- _DATA_
Content starts

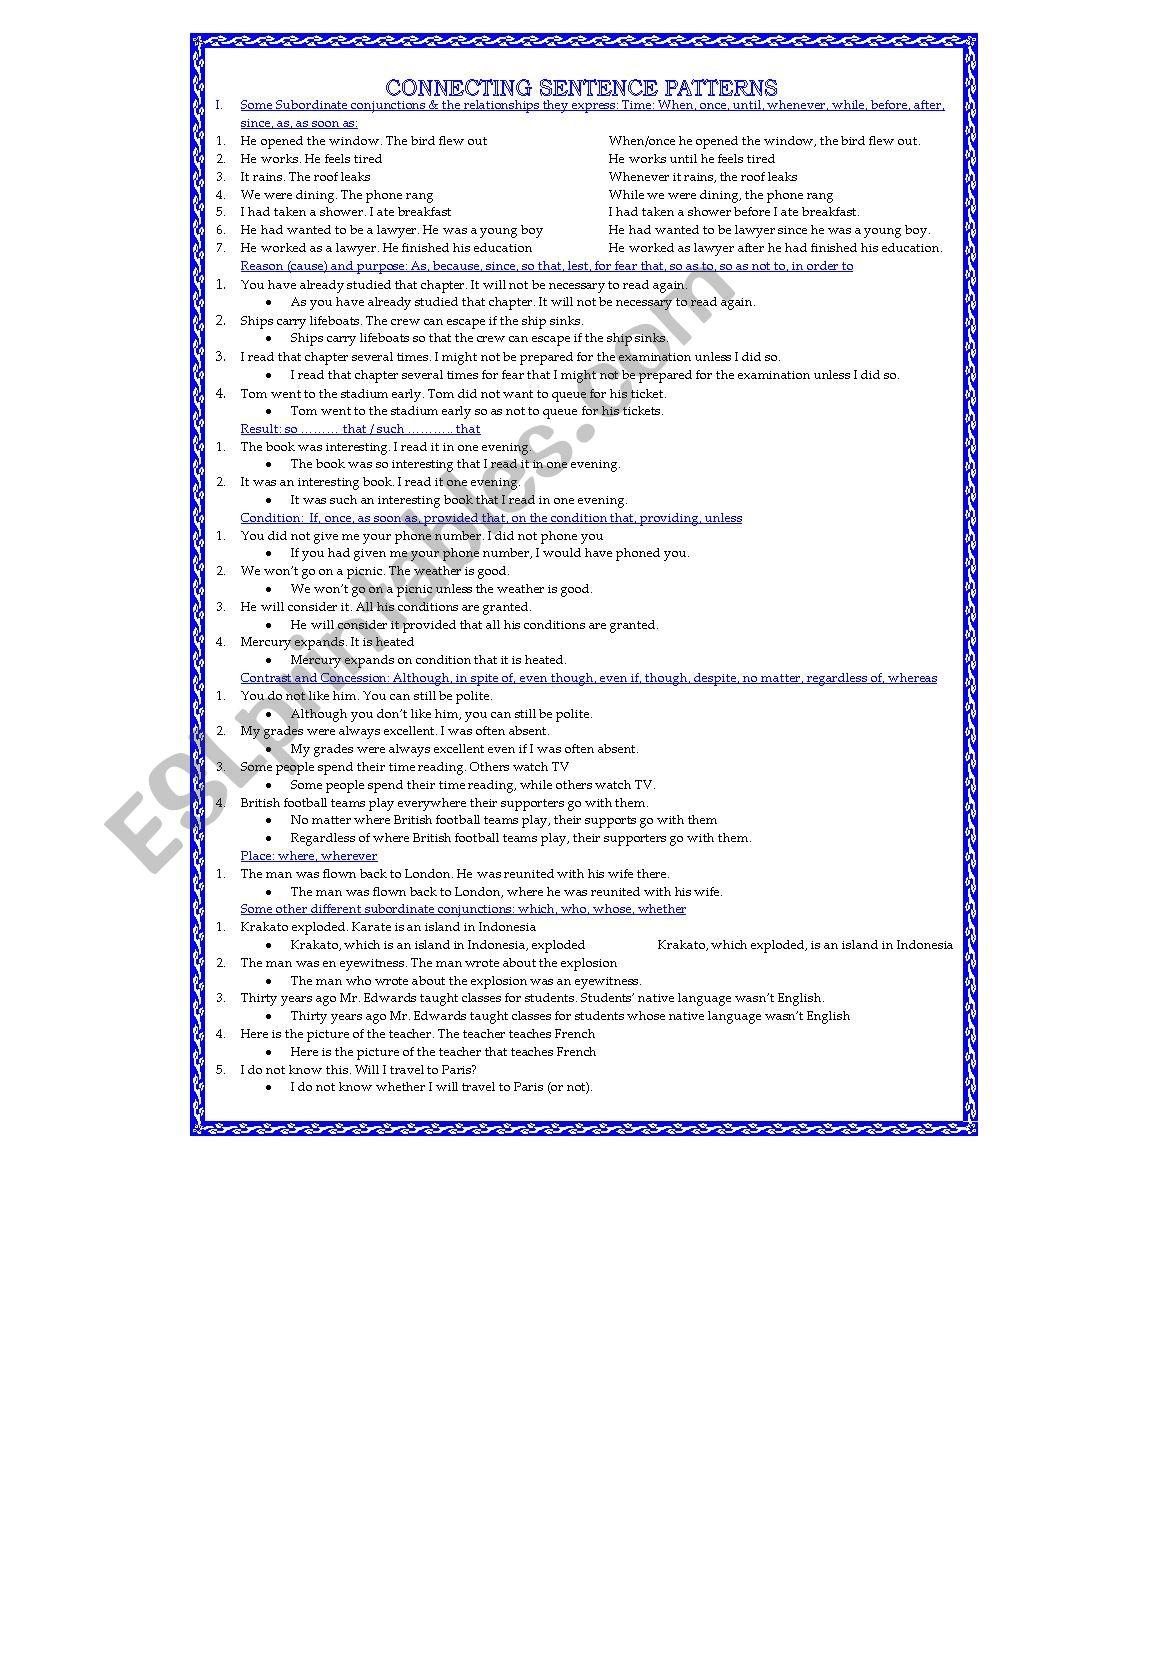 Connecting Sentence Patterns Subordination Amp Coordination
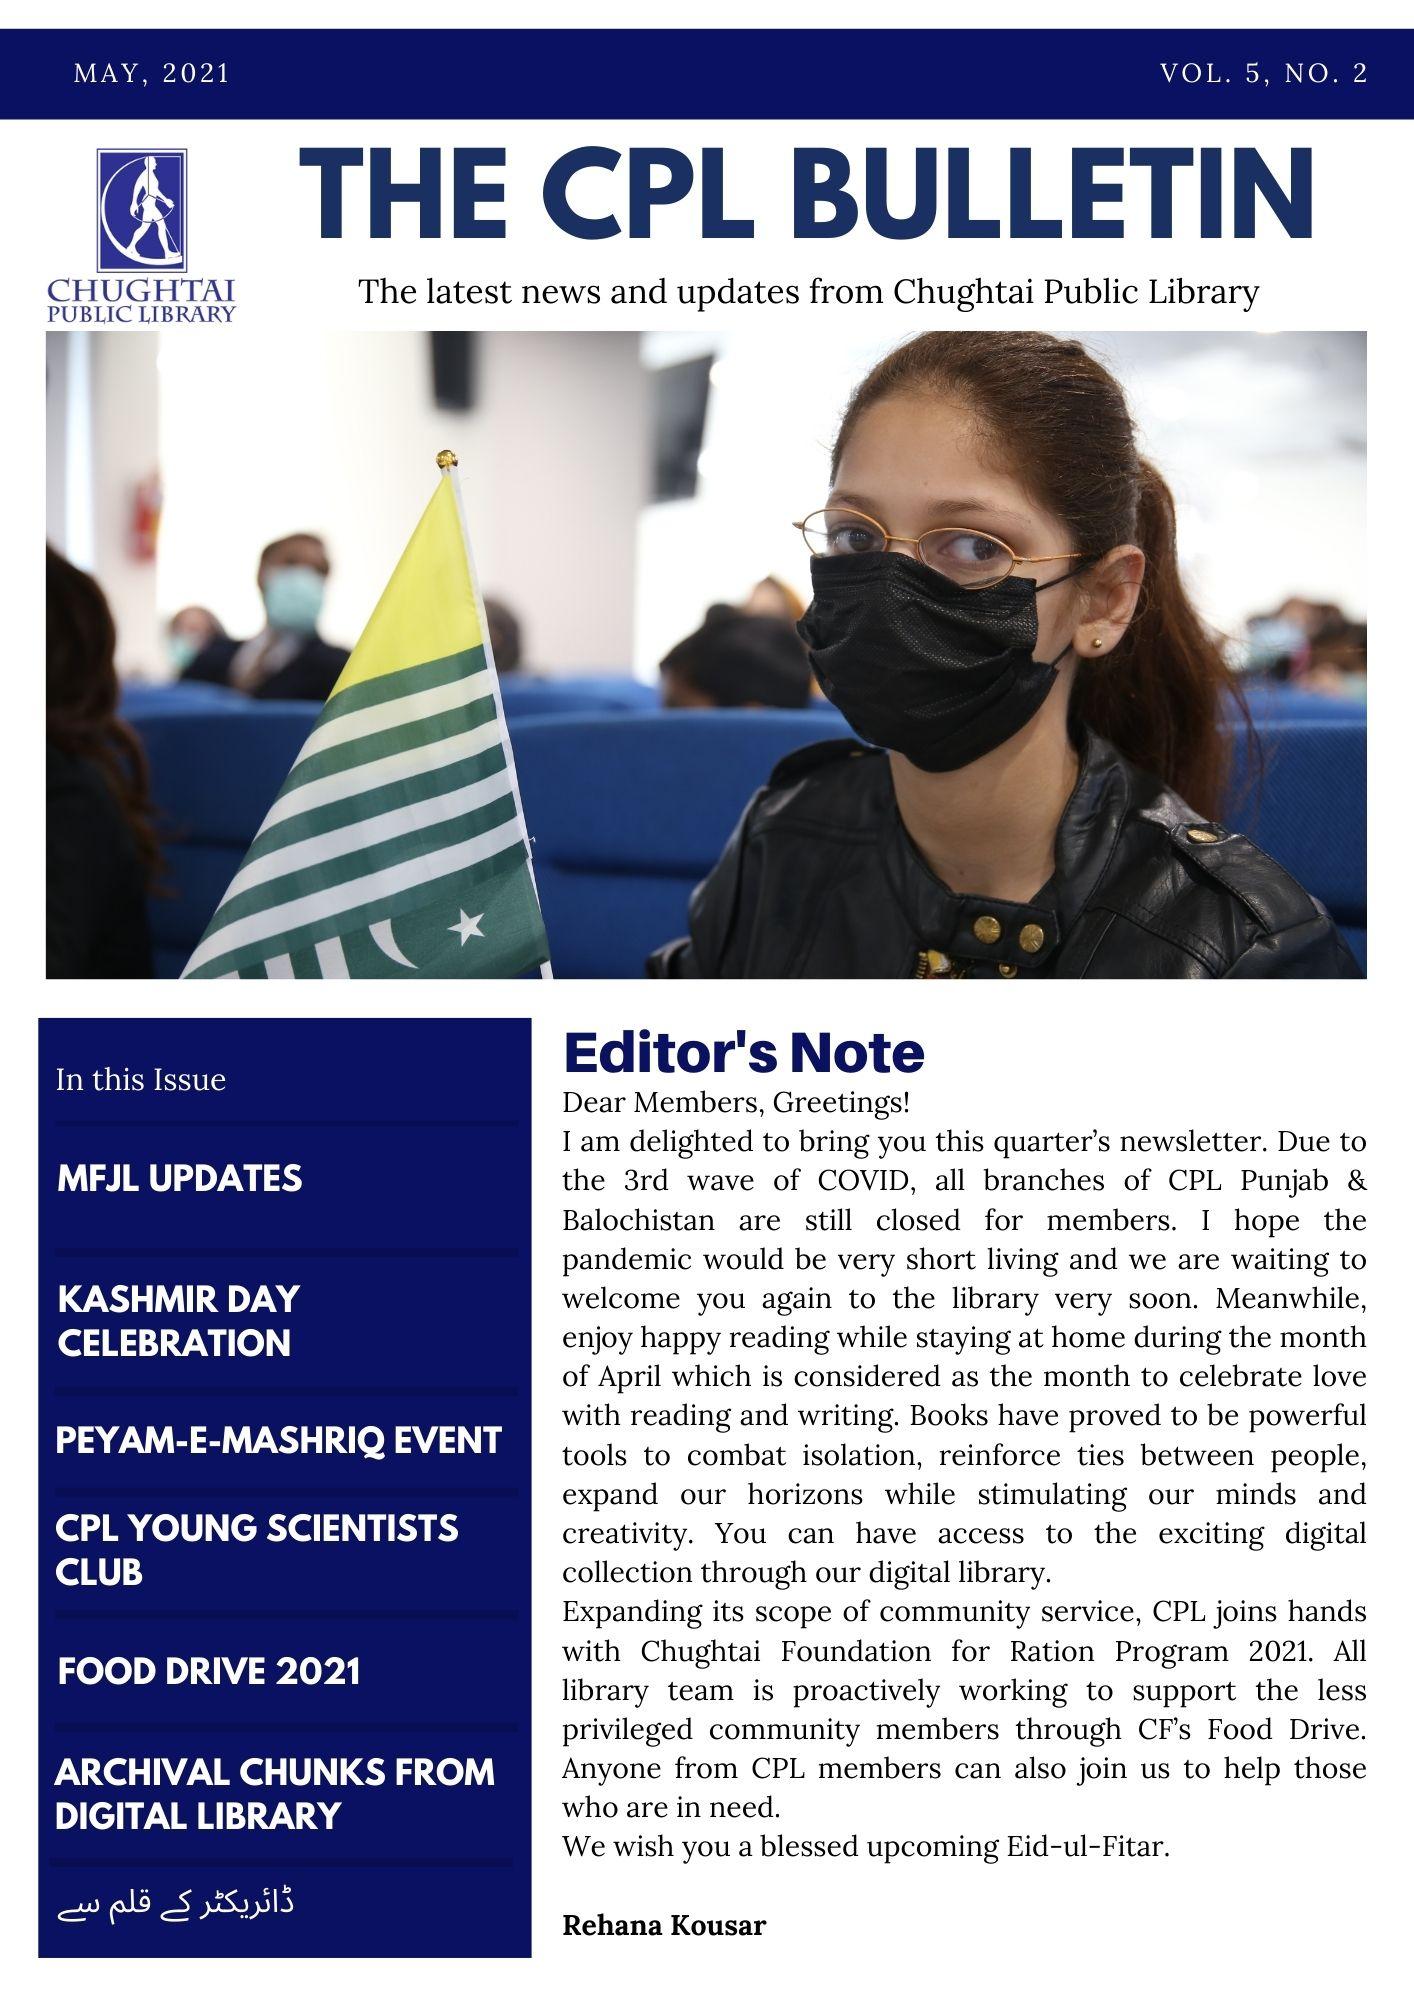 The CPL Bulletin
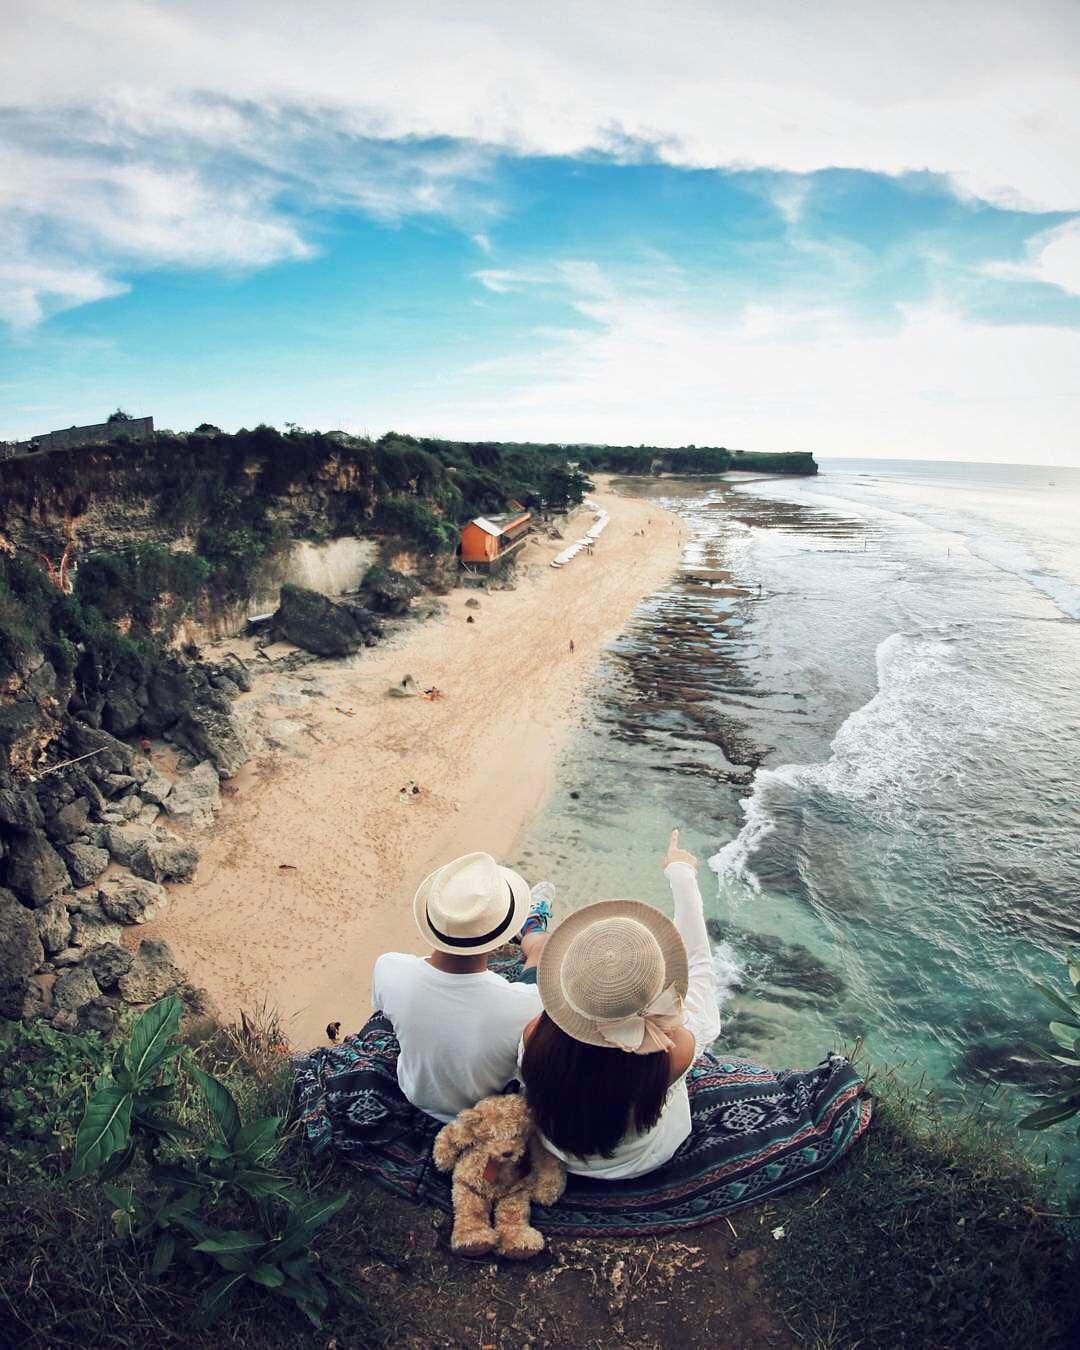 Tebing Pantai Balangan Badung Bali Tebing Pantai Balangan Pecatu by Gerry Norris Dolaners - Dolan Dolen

Content ends

- _PROBLEM TO SOLVE_
Strip out the pictures and repeat the listing above exactly.

- _WRITTEN SOLUTION_
 Connecting Sentence Patterns Subordination Amp Coordination
 The CPL Bulletin
 Tebing Pantai Balangan Badung Bali Tebing Pantai Balangan Pecatu by Gerry Norris Dolaners - Dolan Dolen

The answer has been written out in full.